Task item — From the first line to the last, output the data exactly as it stands, minus its pictures.

Given information —

== Segment start ==

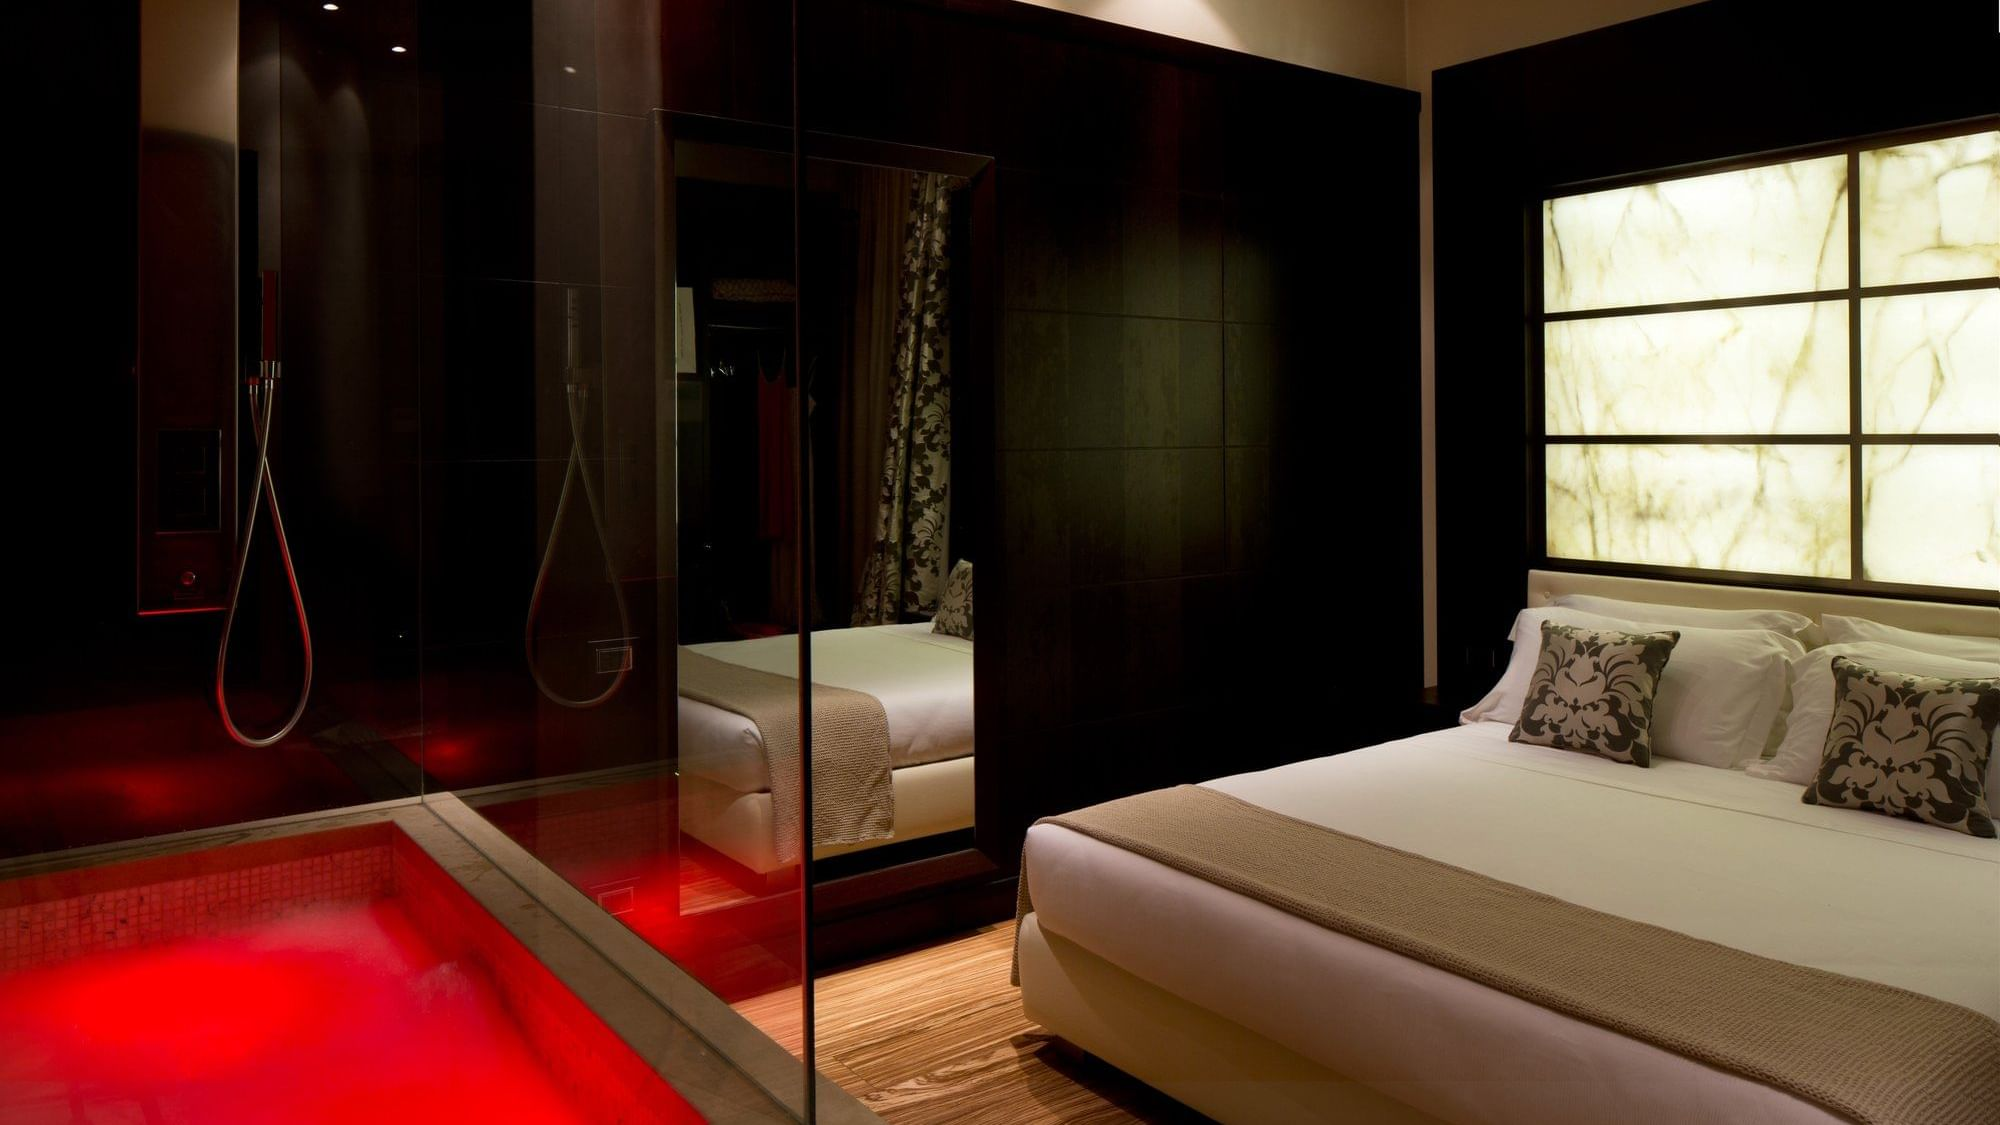 Appartamento Luxury a Firenze, in Toscana
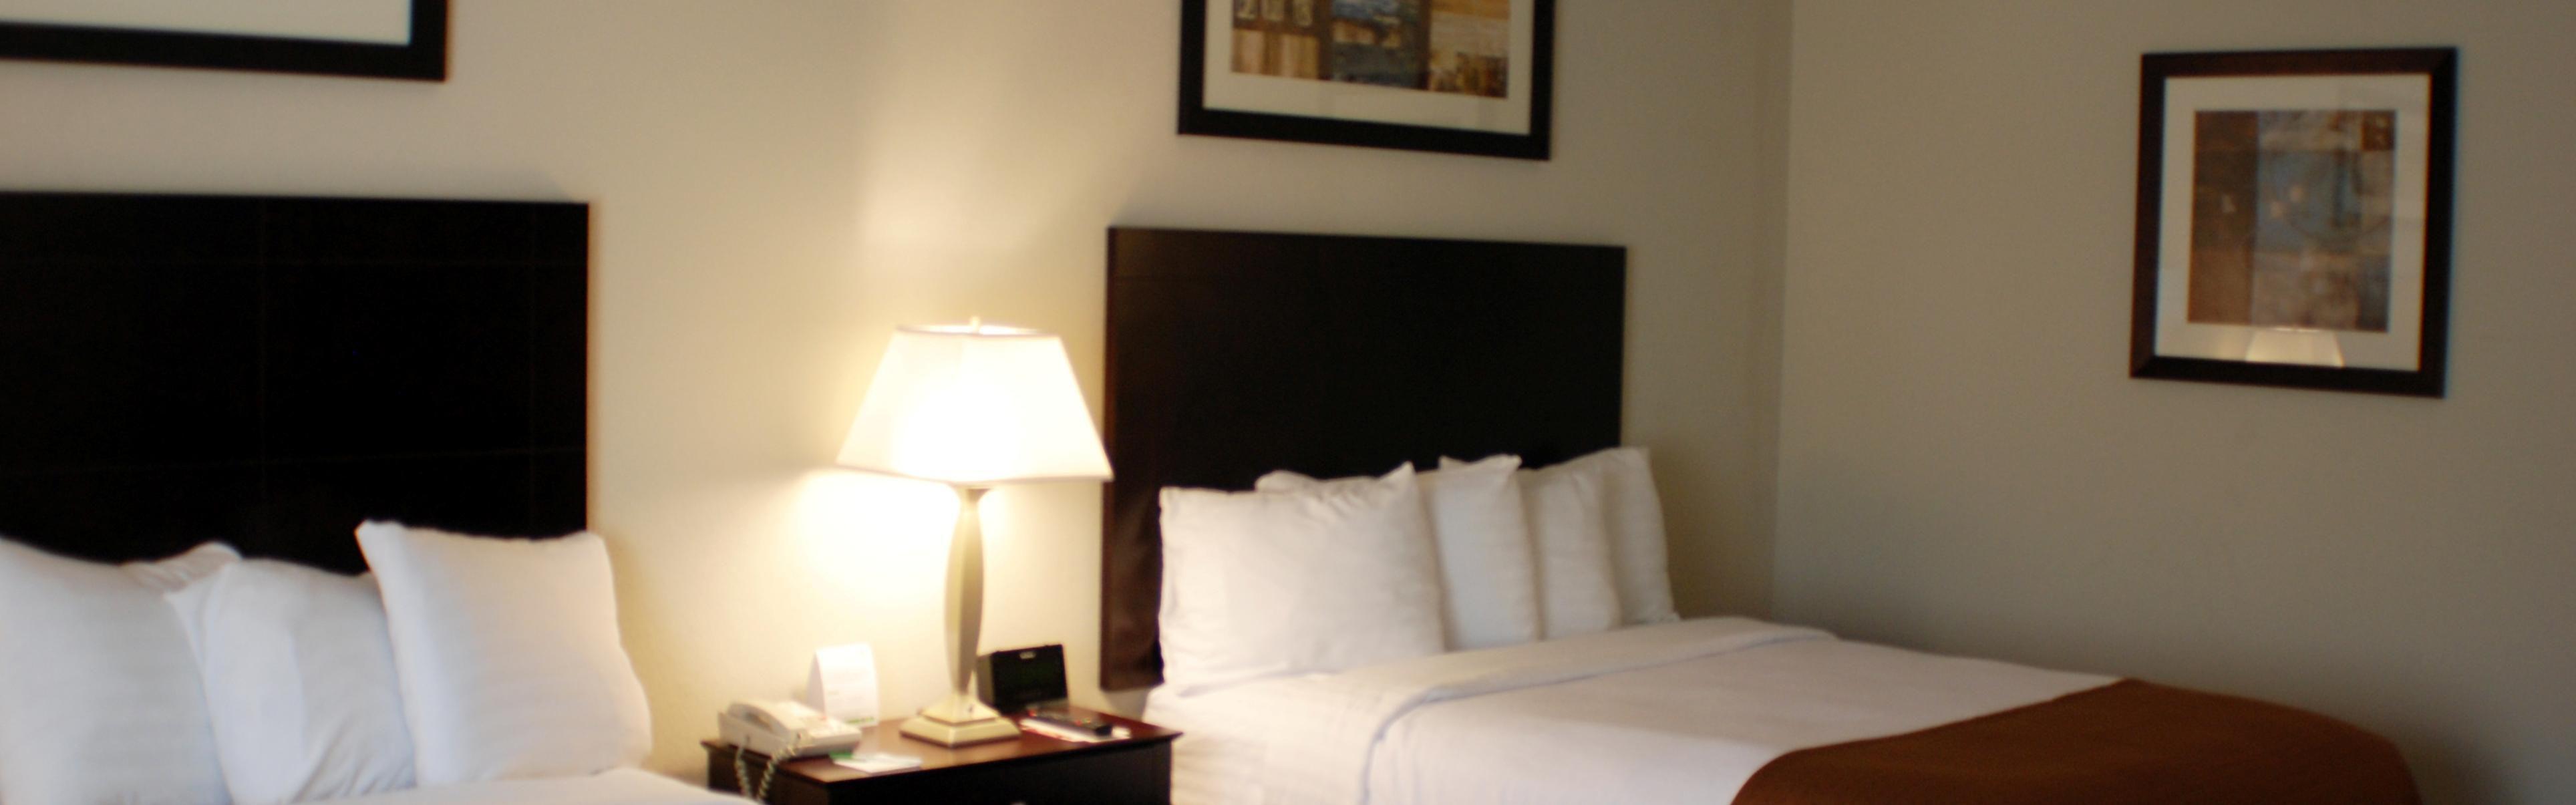 Holiday Inn Berkshires image 1
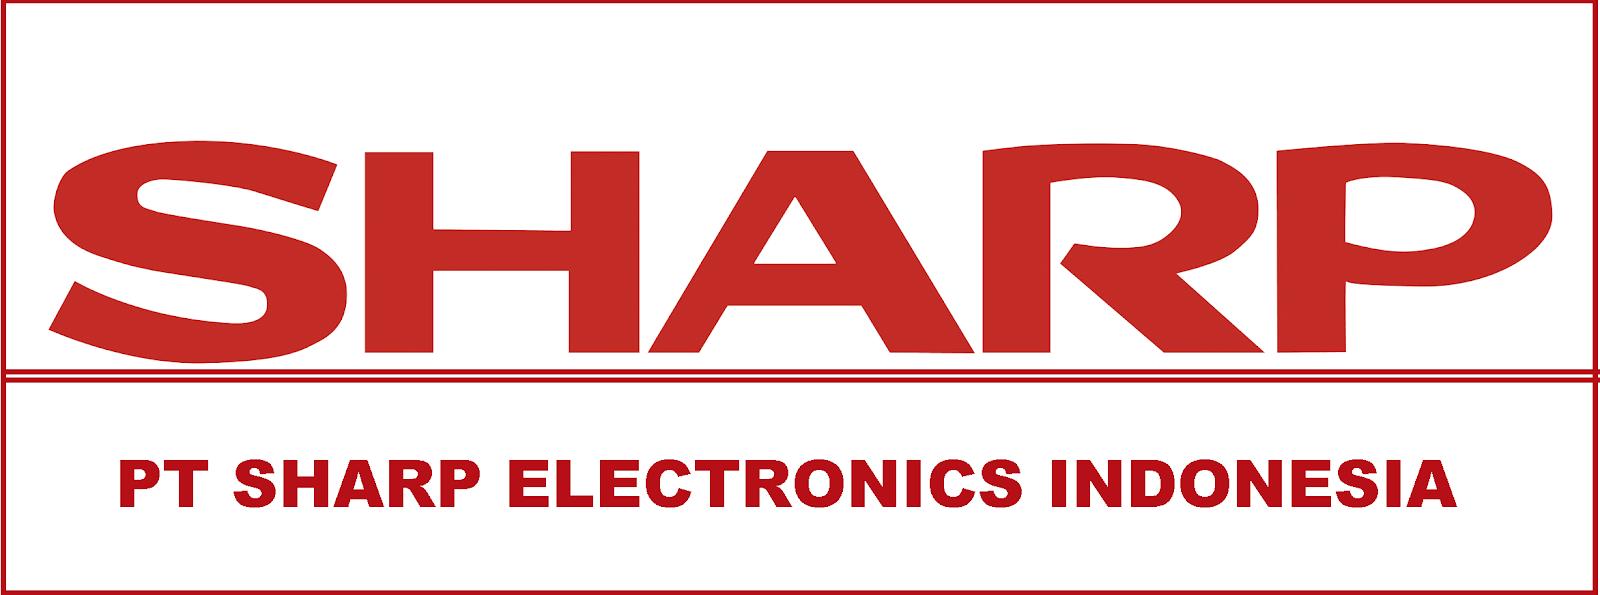 Info Lowongan Kerja Terbaru Bulan Mei 2018 PT Sharp Electronics Indonesia

== Segment end ==

Reply —
 Appartamento Luxury a Firenze, in Toscana
 Holiday Inn Berkshires image 1
 Info Lowongan Kerja Terbaru Bulan Mei 2018 PT Sharp Electronics Indonesia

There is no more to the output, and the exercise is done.